Not too bad for me personally. Have birth to my lovely boy, moved into a gorgeous house and me and OH are pretty good. Finances are a but Ricky but hopefully by this time next year we will be better.

But for so many if my friends it's been sad. Literally been the year if death :nope:

A friend had a still born another had a miscarriage. A lady committed suicide leaving 2 young boys. And 2 more funerals.

Hope 2013 is better for everyone :flower:
 
It's been an excellent year for us :) blah blah blahhhh :lol:
:D

I'm so glad Sweetie x

Actually a lot of "bad" stuff has happened this year if I think about it. I've had pneumonia last month, my brother was in a very serious motorbike accident just eight weeks or so ago. But, I got better. And my brother is out of hospital with VERY little to show for his adventures, a problematic wrist and a dodgy short term memory, but it's amazing that he's even alive.
 
Miserable

I had high hopes that 2012 would be so much better than 2011.

booked our wedding in Jan, a week later OH found out he was going to be made redundant. he was made redundant twice but luckily wasn't out of work. finances are worse, we lost the car, my dog started collapsing and has been to the vets several times, costing us a fortune and making me heartbroken and paranoid to leave him. changes happened within my job and i eventually quit, my course that i spent a fortune on all fell through because of several problems i had with the company and/or finances, it was a waste of hard work, 4am bedtimes and lost loas of money on it.

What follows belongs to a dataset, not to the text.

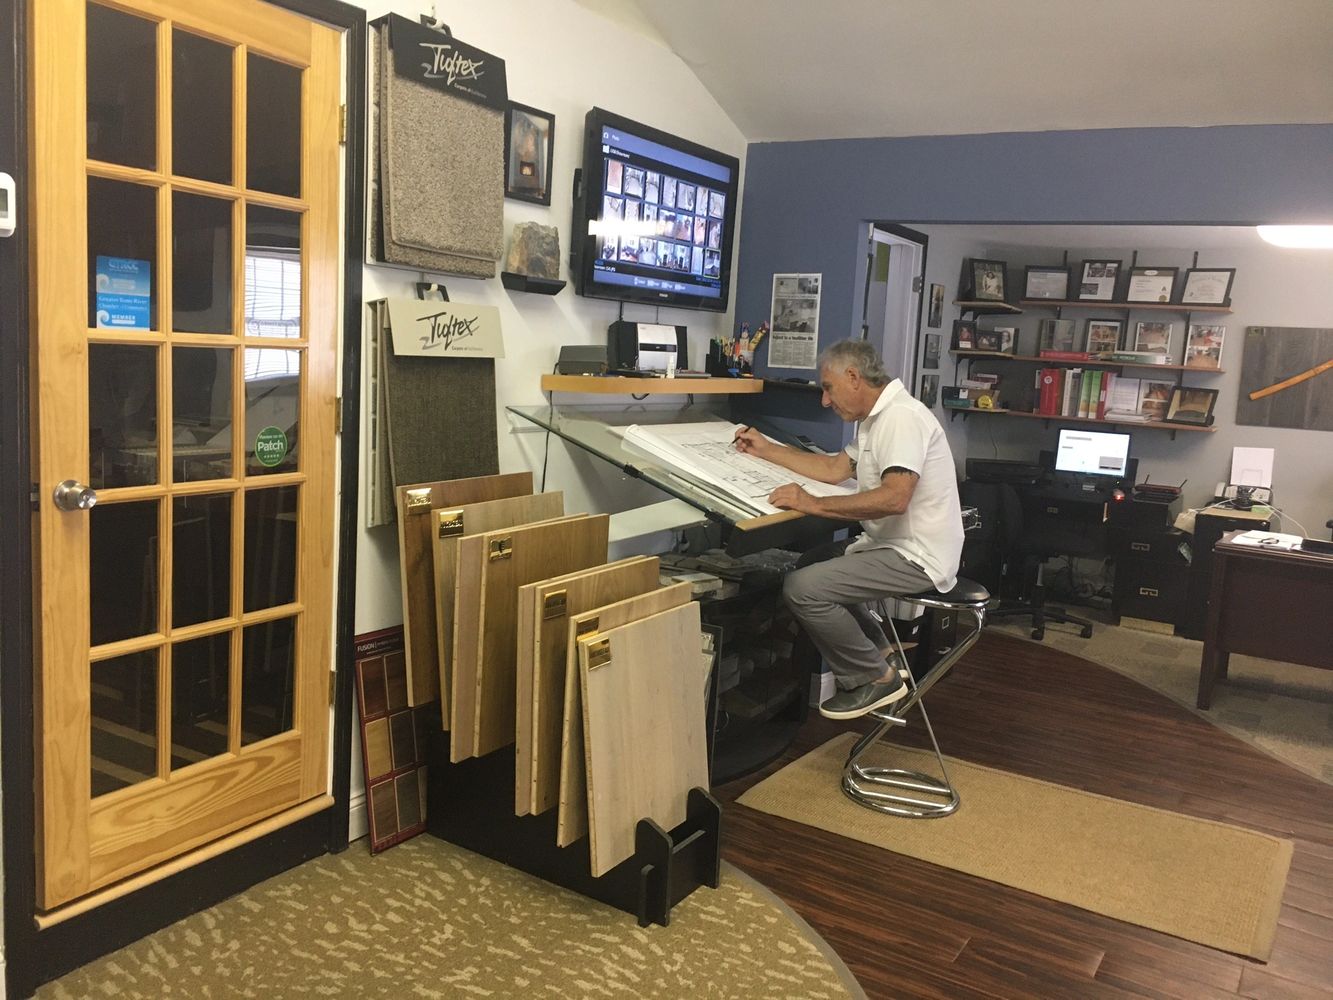 Frank Conzola working on a customer's flooring design at his drafting table in his office-showroom.

we got married and it wasn't the way i wanted and i was gutted, our honeymoon wasn't perfect and i'm full of regret. my reception was taken over and ruined, my wedding photos got lost in the post so i feel like i can't get closure from the day and move on or look at it more positively.

someone i knew died, the only semi family member i had(due to others not talking to me since i stopped handing over money/gifts) turned into a complete bitch, so now i don't really have any one. no social life/friends/family, no money to spend on my house(we've never managed to furnish it the way we want) no money for us to buy things or go out. our neighbours are difficult and there are several other things that were my focus in life, my motivation or reasons to get up in the morning that turned out badly or change and have left me feeling 'bruised'.

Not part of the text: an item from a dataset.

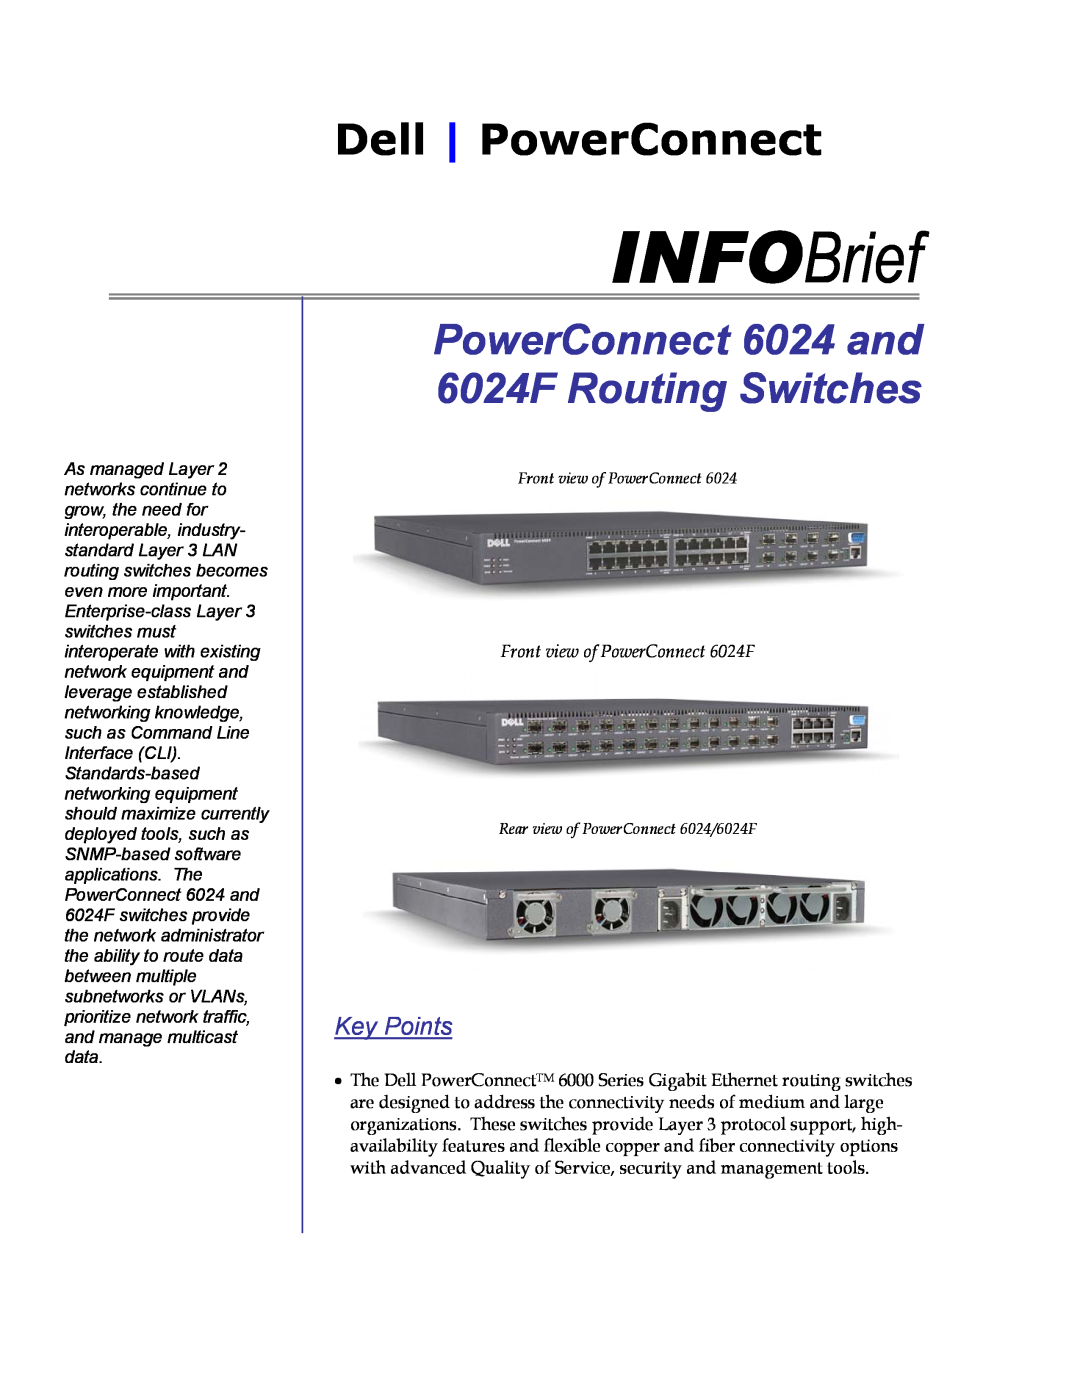 Dell manual Key Points, INFOBrief, Dell PowerConnect, PowerConnect 6024 and 6024F Routing Switches

i pray next year is better and i'm grateful for it not being worse. i'm not homeless, my child wasn't abducted or loved one not killed/ill/hurt, (or many other heartbreaking things) i have my health, my husband, my pets, i can pay my bills, have food to eat and have you guys to talk to on here :)
 
Good things:
Left FOB
Met my OH
Found some really good friends who care about me

Bad things:
Had some really bad things happen with Maria in regards to custody
Was accused of child abuse and my poor baby was put through all kinds of examinations
3 people close to me died, one of them just a young child and one a father leaving a child behind and the last one a young girl just reaching adulthood

I hope in the next year that my custody case will conclude in a positive way and things can start to settle down with Maria. I hope to start TTC with my OH if I still feel ready when the time comes. I hope to be able to cooperate with FOB instead of argue all the time and do together whats best for Maria.